Tuesday, March 17, 2009

Why The News-Press Canned "The Investigator"


I'm back home in Santa Barbara. It seems like so much went on (or went down) in town while I was gone last week, I almost don't know where to start. So maybe it's best to start where I left off.

That would be with the news that the Santa Barbara News-Press gave its Saturday columnist, Robert Eringer (aka "The Investigator) the axe. I can only conclude that someone at the paper had heard Eringer strike up the tune "Wail on the Chief" at least once too often and decided that enough is enough.

Eringer has posted the column that the News-Press wouldn't run, on his own website. (There's a link to it over at Blogabarbara.)

Once you read the column it becomes pretty obvious what was wrong with it; taking letters or e-mails (some of them apparently anonymous) that you receive and publishing the allegations made therein, evidently without contacting the Chief to give him an opportunity to respond, is not exactly what ought to be passed off as "investigative reporting." If nothing else, perhaps someone was concerned that a column such as this running under the moniker "The Investigator" might be opening up the paper to claims of false advertising, or worse.

Experts tell us that a single event seldom causes an airplane to go down but rather, more often than not, it's a series of events (something I repeated to myself on more than one occasion during the 28 hours I spent in the air traveling to and from Argentina). My guess is the same is the case with the firing of Eringer and his attempt to double-down on Sanchez wasn't the only reason he was let go.

Not lost on me, nor should it be on you, is that if what was contained in Eringer's unpublished column had appeared in an op-ed page column in the opinion section, it might have passed muster at the News-Press. Repeating what shows up in an e-mail without divulging the sender's name and slapping the qualifier "allegedly" on it has, for a long time, been Travis Armstrong's standard operating procedure.
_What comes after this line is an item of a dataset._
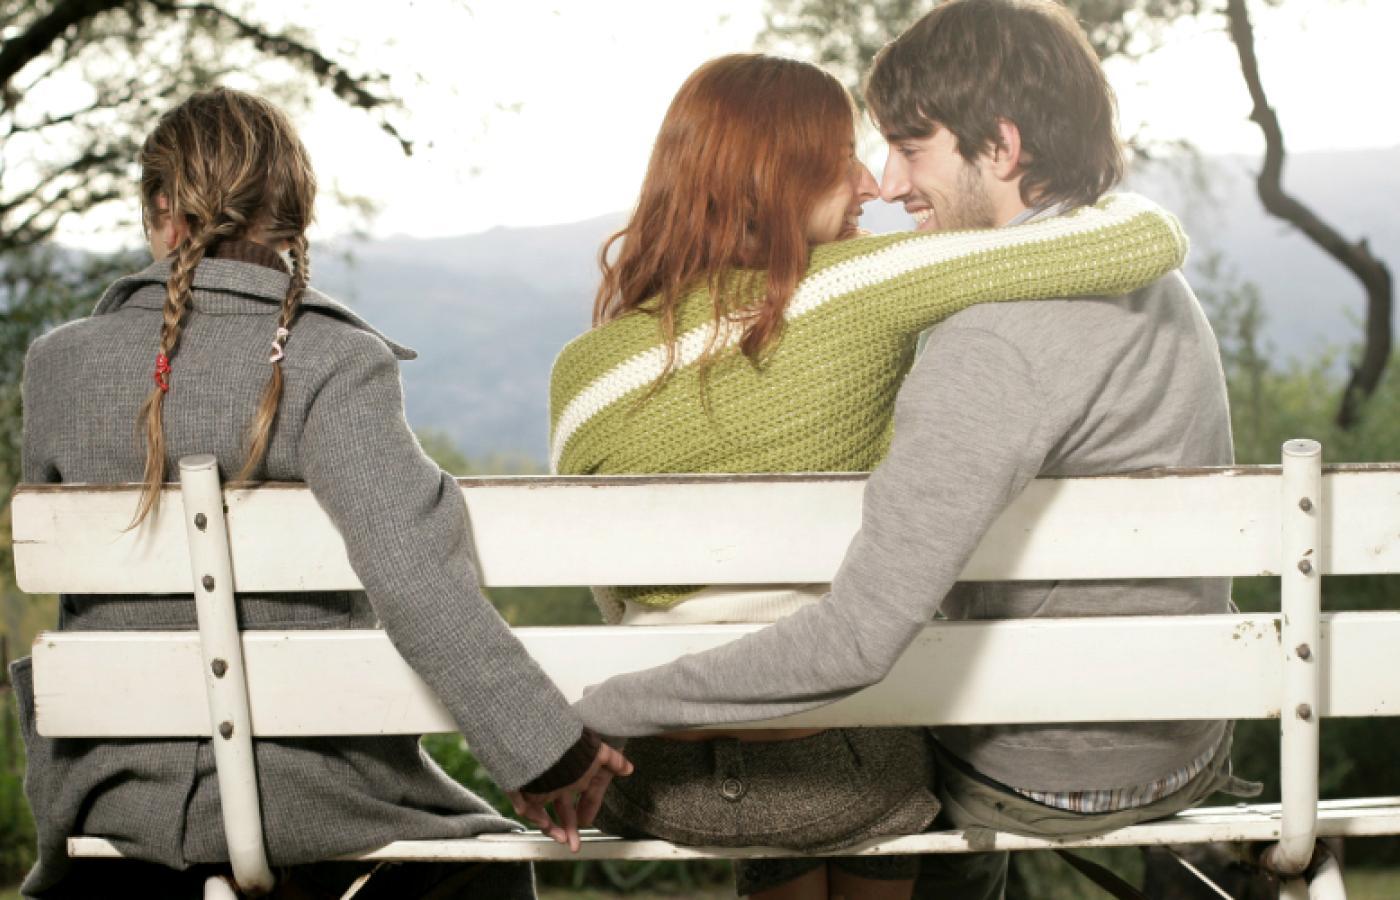 oszustwa randkowe malezja

But Eringer's column ran on the news pages and if Eringer truly thought he had some dirt on the chief, then he should have taken the time to do a real investigative report which would, at a minimum, require getting people to speak on the record for attribution and, of course, give the chief an opportunity to respond. Anything less than that is the journalistic equivalent of a drive-by-shooting. Evidently, Eringer wasn't willing to move beyond being a drive-by-investigator.

* * *

Another hearse has pulled into the newspaper graveyard. The Seattle Post-Intelligencer will publish its final print edition today.



There's a definite Santa Barbara connection to this latest shuttering. About 10 percent of the staff have been offered positions at the online only version of the paper which will survive the demise of the print product.
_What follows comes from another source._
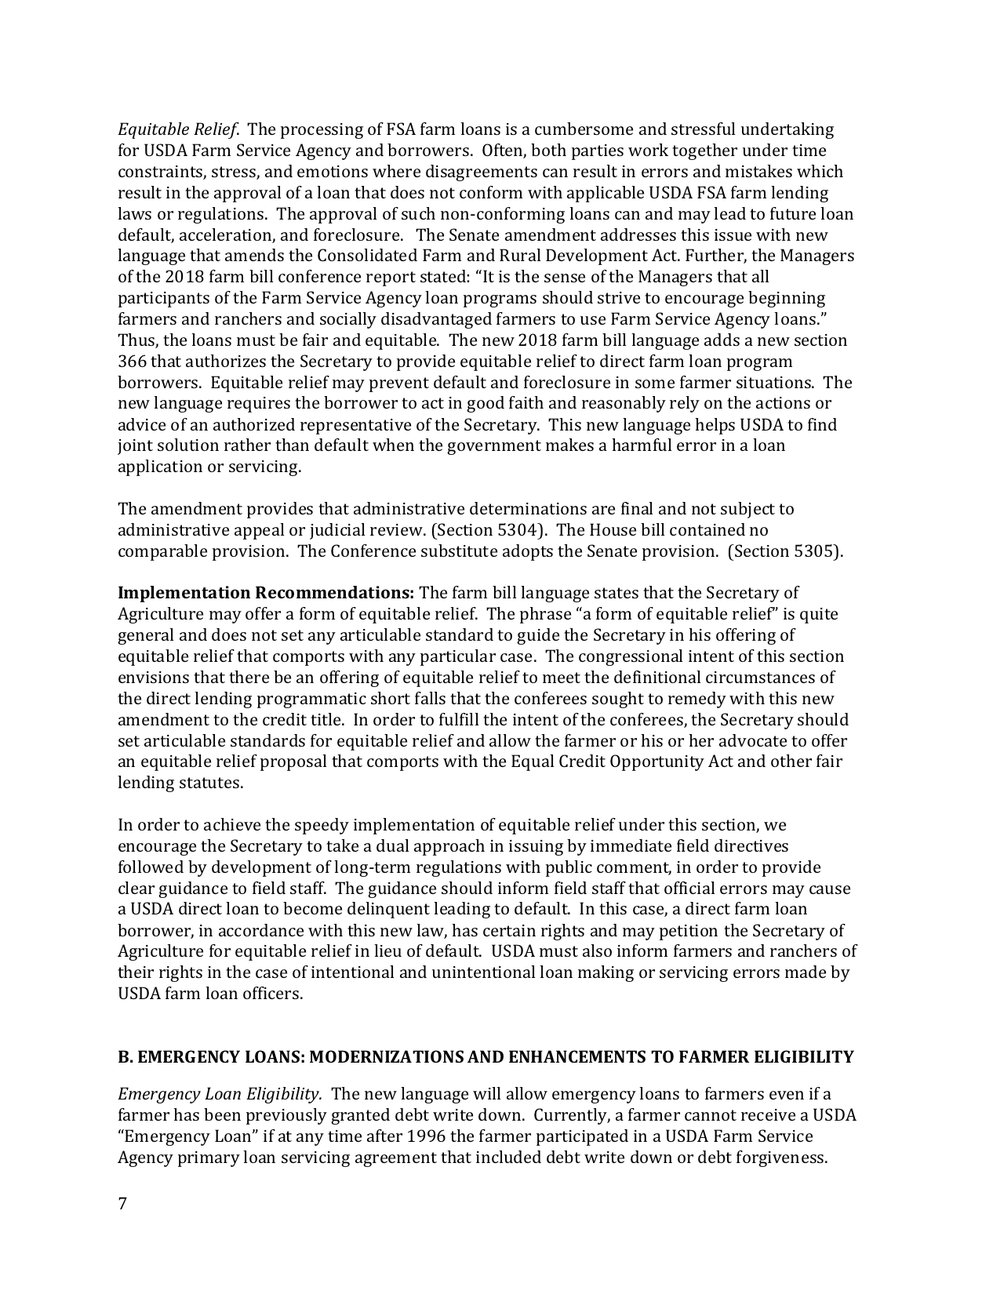 2018 Farm Bill Implementation Recommendations - Rural Co etal final March 1 page 8.jpg

Among those making the cut are Gerry Spratt, the former News-Press sports editor who was the first journalist to resign from the paper in July of 2006 after the initial five editors walked out. Colin Powers, who had been the presentation editor at the News-Press at the time, also quit shortly thereafter and took a job as the Page One designer for the PI. No word yet on whether he has been offered a position at the online operation.

And although he was long gone before the Wendy McCaw era, former News-Press editor David McCumber, the managing editor of the PI, will stay on at the online incarnation and keep his title.

* * *

Former News-Press editor Jerry Roberts, who has been writing a column that covers California Politics for the Independent has started his own blog, calbuzz, in partnership with Phil Trounstine.

Their debut post on why Dianne Feinstein won't run for governor, was also the op-ed column in Monday's LA Times print edition.

Welcome to the blogosphere Jerry and Phil. My only question is, what took you so long?